Change Fail Rate
4 minute read
Adapted from Dojo Consortium
Definition
Change Fail Rate measures the percentage of deployments to production that result in degraded service, negative customer impact, or require immediate remediation such as a rollback, hotfix, or patch.
A “failed change” includes any deployment that:
- Is rolled back.
- Requires a hotfix deployed within a short window (commonly 24 hours).
- Triggers a production incident attributed to the change.
- Requires manual intervention to restore service.
This is one of the four DORA key metrics. It measures the stability side of delivery performance, complementing the throughput metrics of Lead Time and Release Frequency.
How to Measure
- Count total production deployments over a defined period (weekly, monthly).
- Count deployments classified as failures using the criteria above.
- Divide failures by total deployments and express as a percentage.
Data sources:
- Deployment logs – total deployment count from your CD platform.
- Incident management – incidents linked to specific deployments (PagerDuty, Opsgenie, ServiceNow).
- Rollback records – deployments that were reverted, either manually or by automated rollback.
- Hotfix tracking – deployments tagged as hotfixes or emergency changes.
Automate the classification where possible. For example, if a deployment is followed by another deployment of the same service within a defined window (e.g., one hour), flag the original as a potential failure for review.
Targets
| Level | Change Fail Rate |
|---|---|
| Low | 46 – 60% |
| Medium | 16 – 45% |
| High | 0 – 15% |
| Elite | 0 – 5% |
These levels are drawn from the DORA State of DevOps research. Elite performers maintain a change fail rate below 5%, meaning fewer than 1 in 20 deployments causes a problem.
Common Pitfalls
- Not recording failures. Deploying fixes without logging the original failure understates the true rate. Ensure every incident and rollback is tracked.
- Reclassifying defects. Creating review processes that reclassify production defects as “feature requests” or “known limitations” hides real failures.
- Inflating deployment count. Re-deploying the same working version to increase the denominator artificially lowers the rate. Only count deployments that contain new changes.

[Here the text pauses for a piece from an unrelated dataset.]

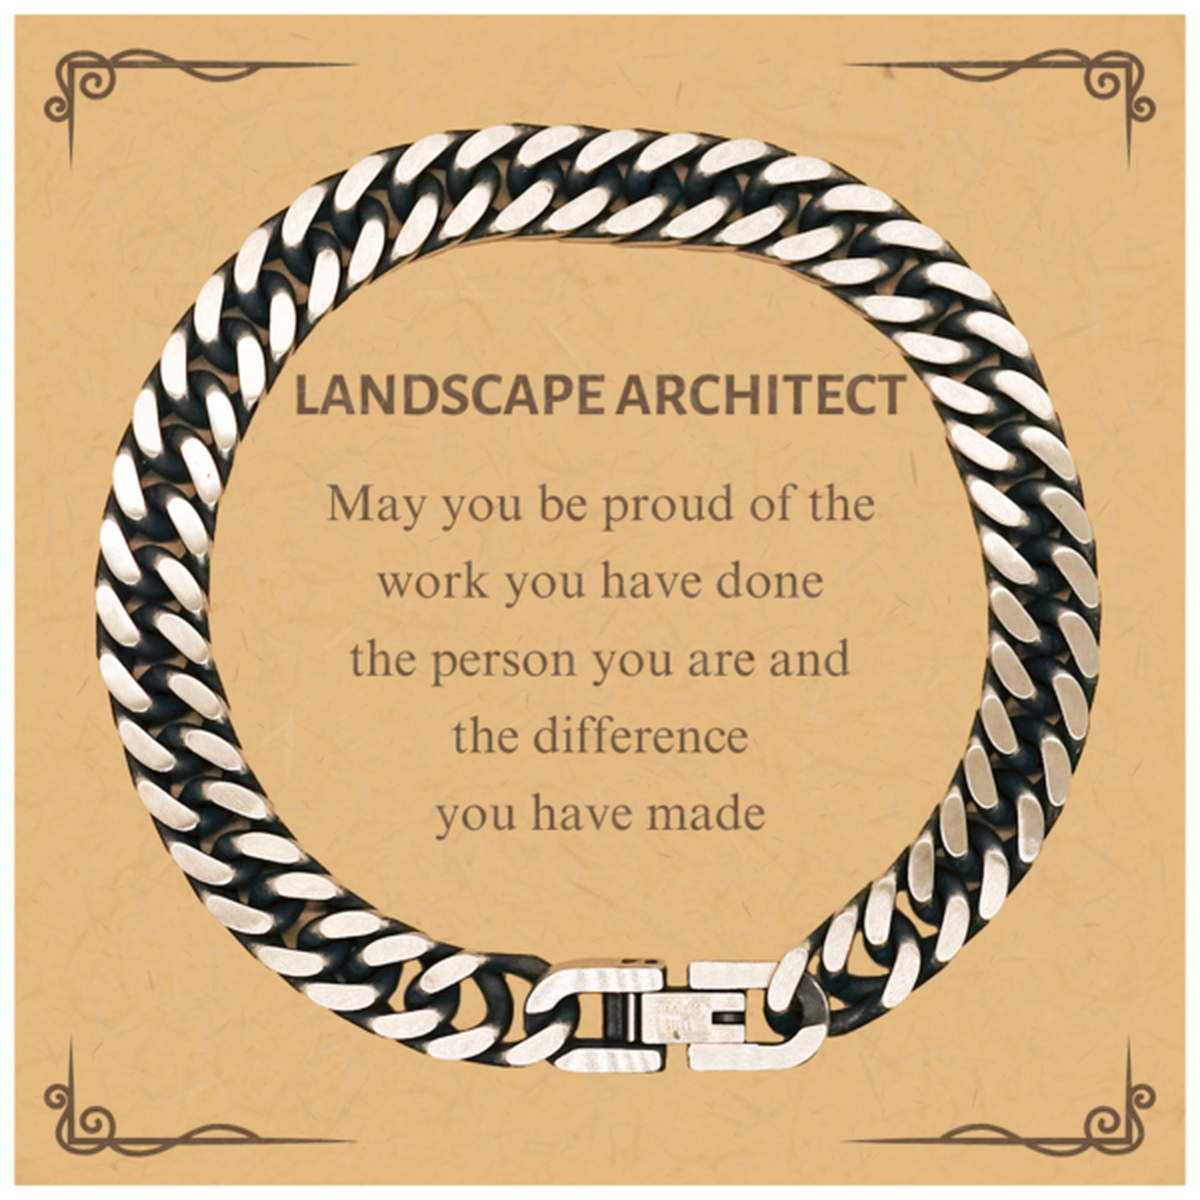 Landscape Architect May you be proud of the work you have done, Retirement Landscape Architect Cuban Link Chain Bracelet for Colleague Appreciation Gifts Amazing for Landscape Architect

- Pursuing zero defects at the cost of speed. An obsessive focus on eliminating all failures can slow Release Frequency to a crawl. A small failure rate with fast recovery is preferable to near-zero failures with monthly deployments.
- Ignoring near-misses. Changes that cause degraded performance but do not trigger a full incident are still failures. Define clear criteria for what constitutes a failed change and apply them consistently.
Connection to CD
Change Fail Rate is the primary quality signal in a Continuous Delivery pipeline:
- Validates pipeline quality gates. A rising change fail rate indicates that the automated tests, security scans, and quality checks in the pipeline are not catching enough defects. Each failure is an opportunity to add or improve a quality gate.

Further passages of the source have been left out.